Connecticut principal helps American family with Afghanistan rescue

Growing concern over the Taliban and governance

Fox News correspondent Trey Yingst reports on the tumult in Afghanistan from Qatar for ‘Special Report.’

A Connecticut mom trapped in Kabul until just before the last U.S. plane flew out of Afghanistan emailed her daughter’s elementary school principal to say that her kids would miss the start of the school year, according to local reports.

So Brett Gustafson, principal at the Curiale School in Bridgeport, Conn., took to social media, reached out to lawmakers, and pleaded for help, ABC New York reported Tuesday. Then he got an email from a group of U.S. military veterans working to bring people to safety.

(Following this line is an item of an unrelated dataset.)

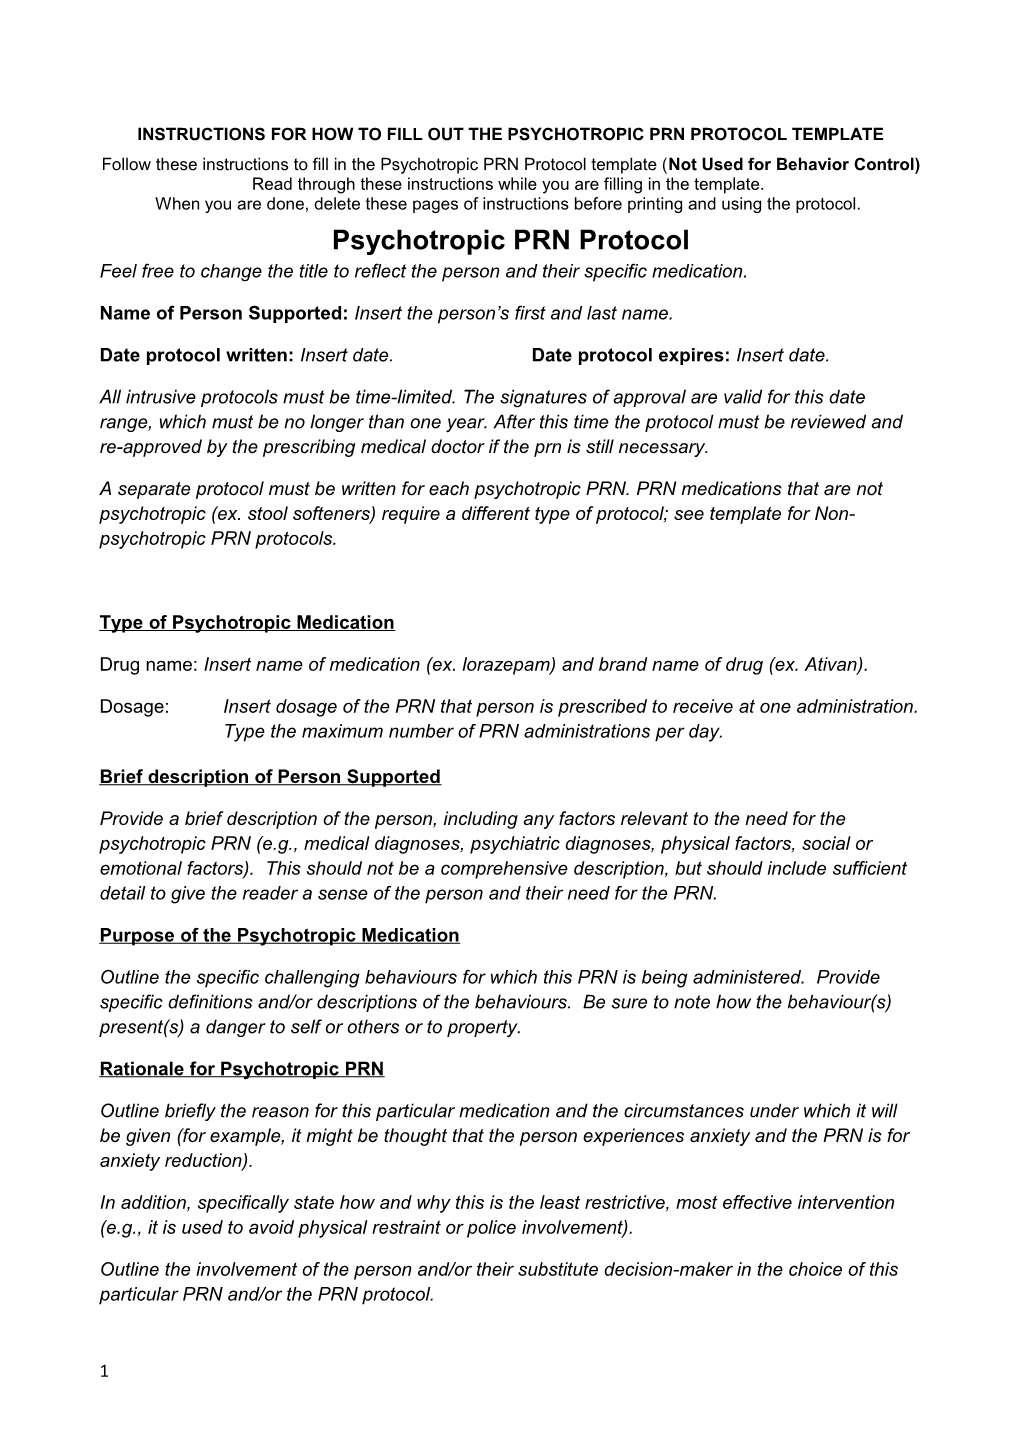 Instructions for How to Fill out the Psychotropic Prn Protocol Template

Hours later, he received notice that the family had been successfully evacuated.

“I was jumping up and down, because it had been a while because they had to go to a safe house because the airport was too dangerous, so I was just very nervous not hearing anything,” he told the station.

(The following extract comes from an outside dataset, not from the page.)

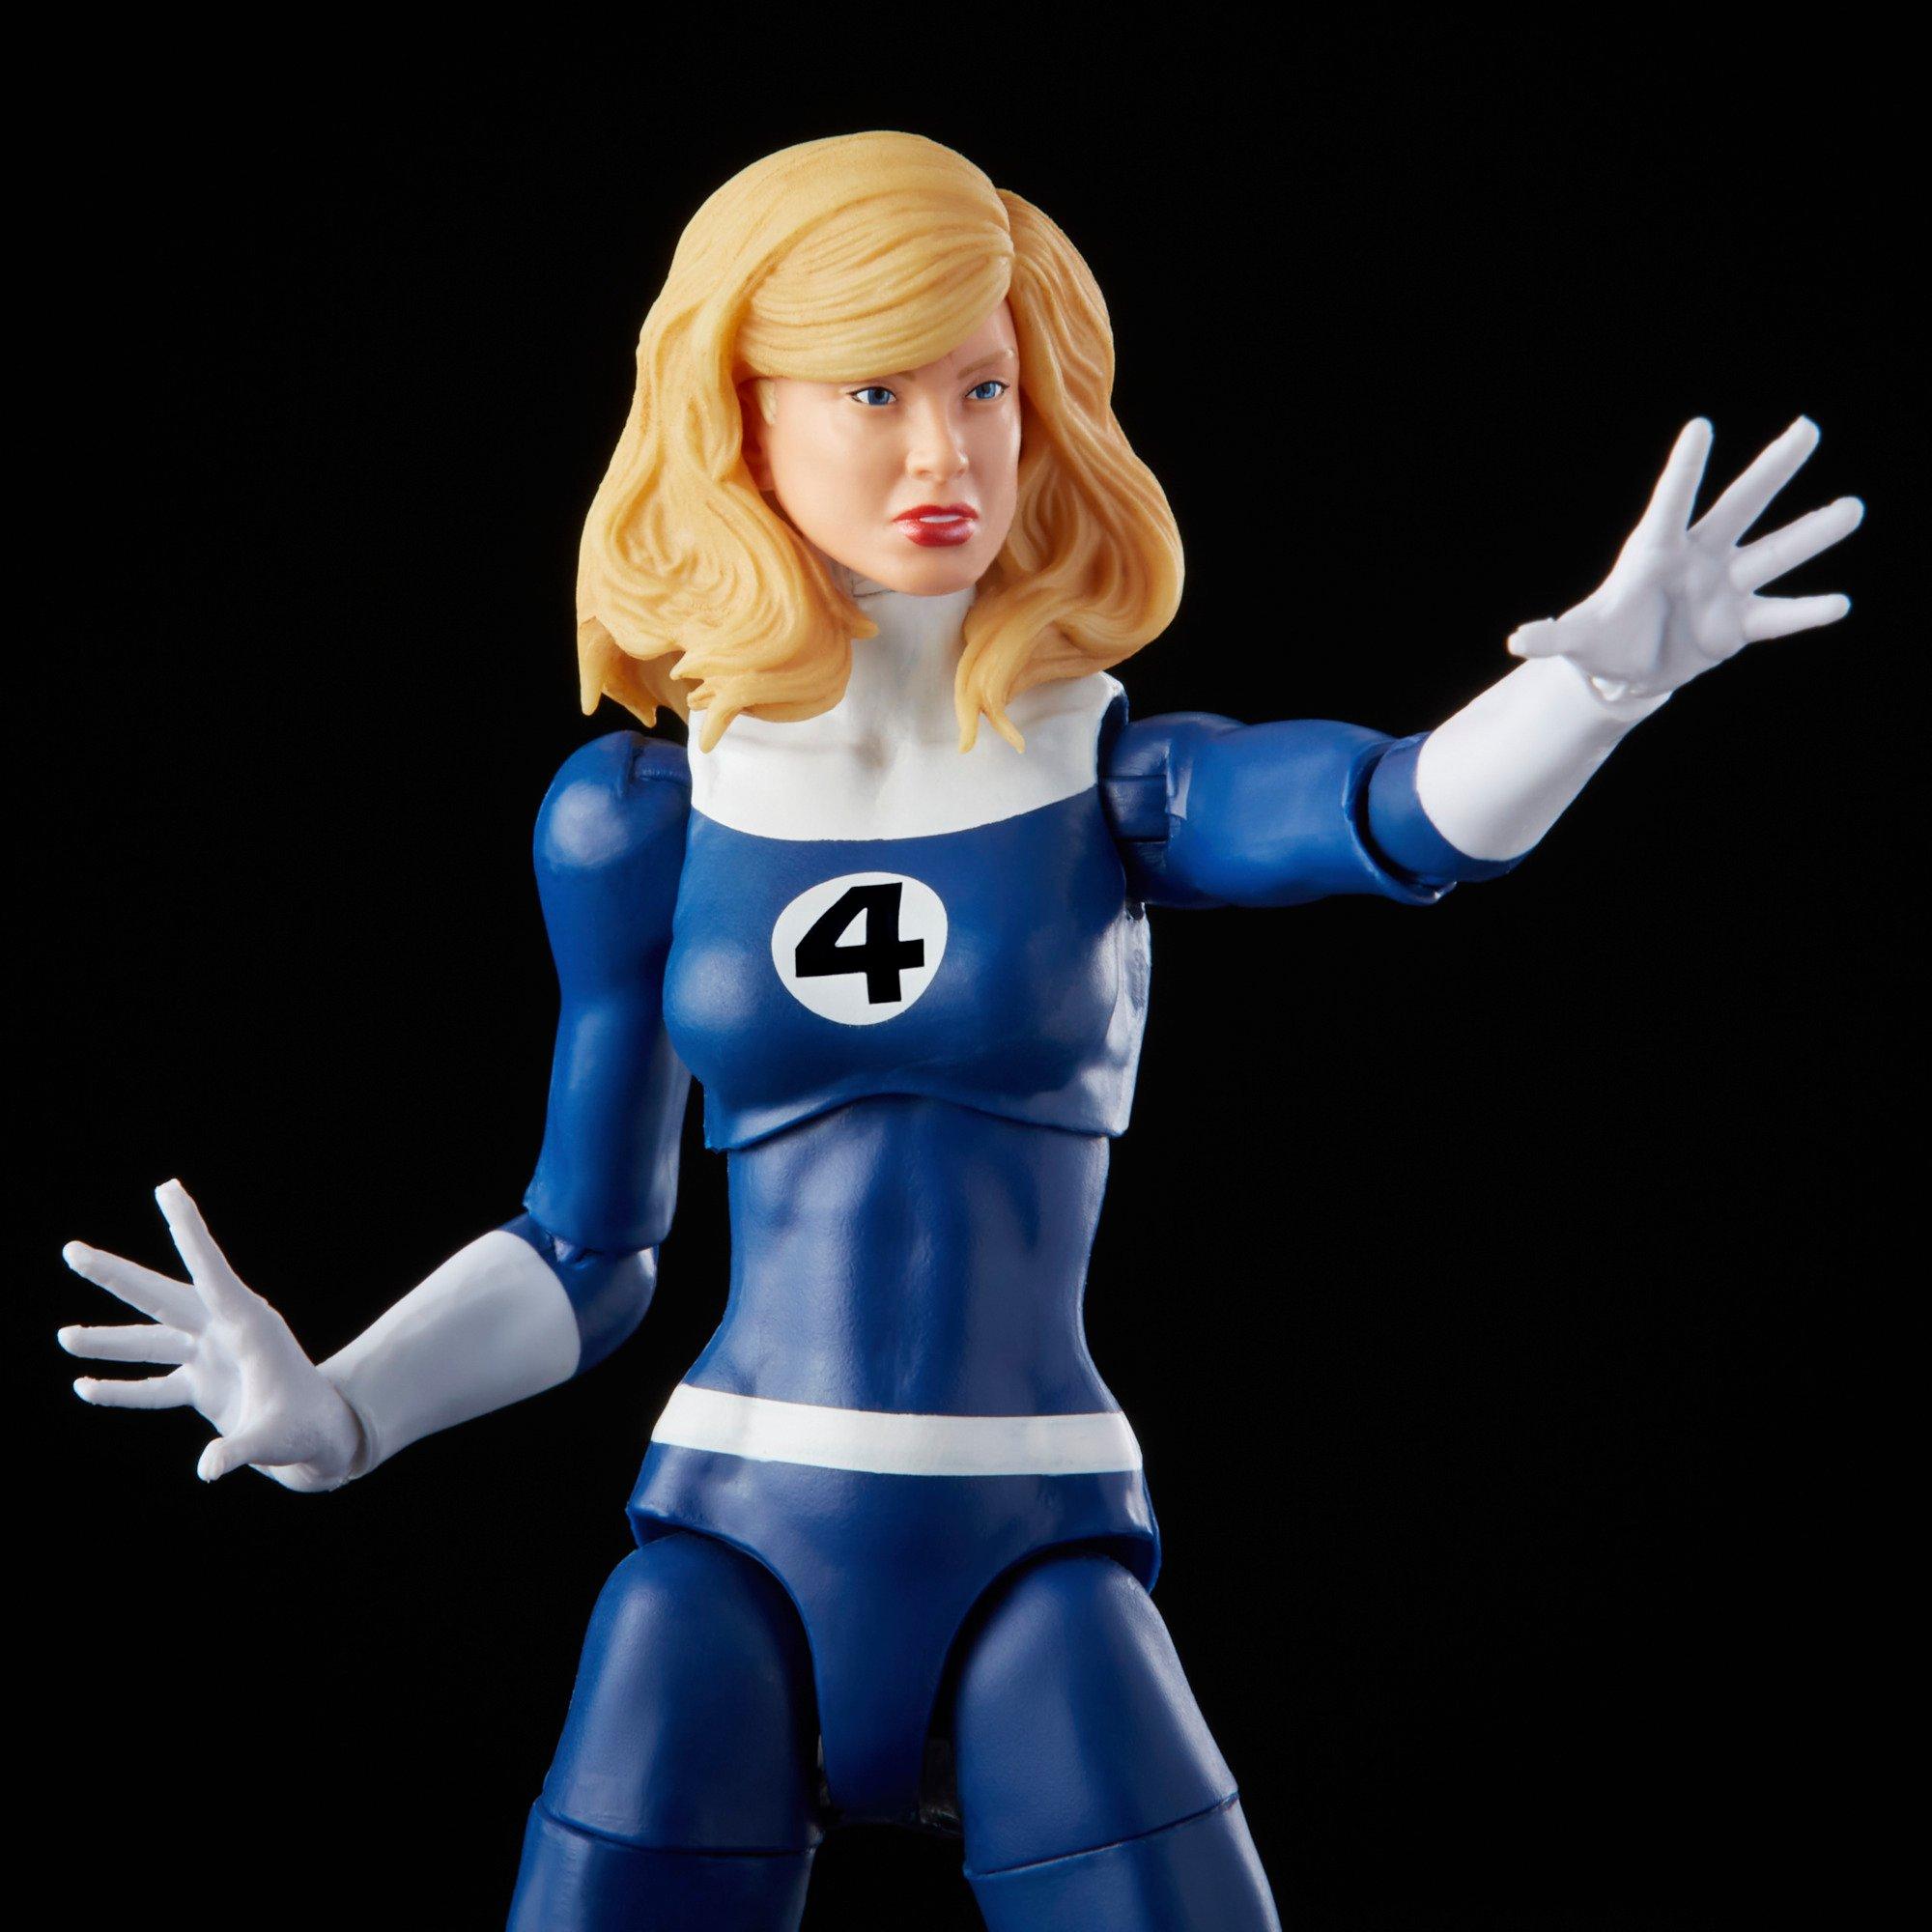 Hasbro Fantastic Four Marvel's Invisible Woman 6-in Action Figure

KABUL, AFGHANISTAN — AUGUST 29, 2021: A C-17 Globemaster takes off as Taliban fighters secure the outer perimeter, alongside the American controlled side of of the Hamid Karzai International Airport in Kabul, Afghanistan, Sunday, Aug. 29, 2021. (MARCUS YAM / LOS ANGELES TIMES)

Gustafson did not immediately respond to a request for comment Wednesday evening.

The chaotic U.S. withdrawal left American citizens and Afghan allies in a panic as they tried to reach Kabul’s Hamid Karzai International Airport ahead of the deadline to evacuate. The facility was surrounded by Taliban checkpoints, and militants allegedly beat, shot, and harassed people trying to reach the facility, witnesses have told Fox News.

Numerous non-governmental organizations, veterans groups, and volunteers worked with the Pentagon and State Department to help people reach the airport before the final American flight left on Monday – a day ahead of the Aug. 31 evacuation deadline.

But many Afghan allies and some Americans are still trapped, including an interpreter who worked with retired Marine Corps Sgt. Ryan Rogers in the brutal battle of Marjah a decade ago.

One California school district had multiple students’ families in Afghanistan amid the chaotic withdrawal. Seven of eight of them made it out, the Cajon Valley School District announced Tuesday – but the whereabouts of the last one remained unclear.

In the California and Connecticut cases, many of the students had gone to Afghanistan over the summer to visit family – then the chaotic withdrawal played out and left them scrambling to get home.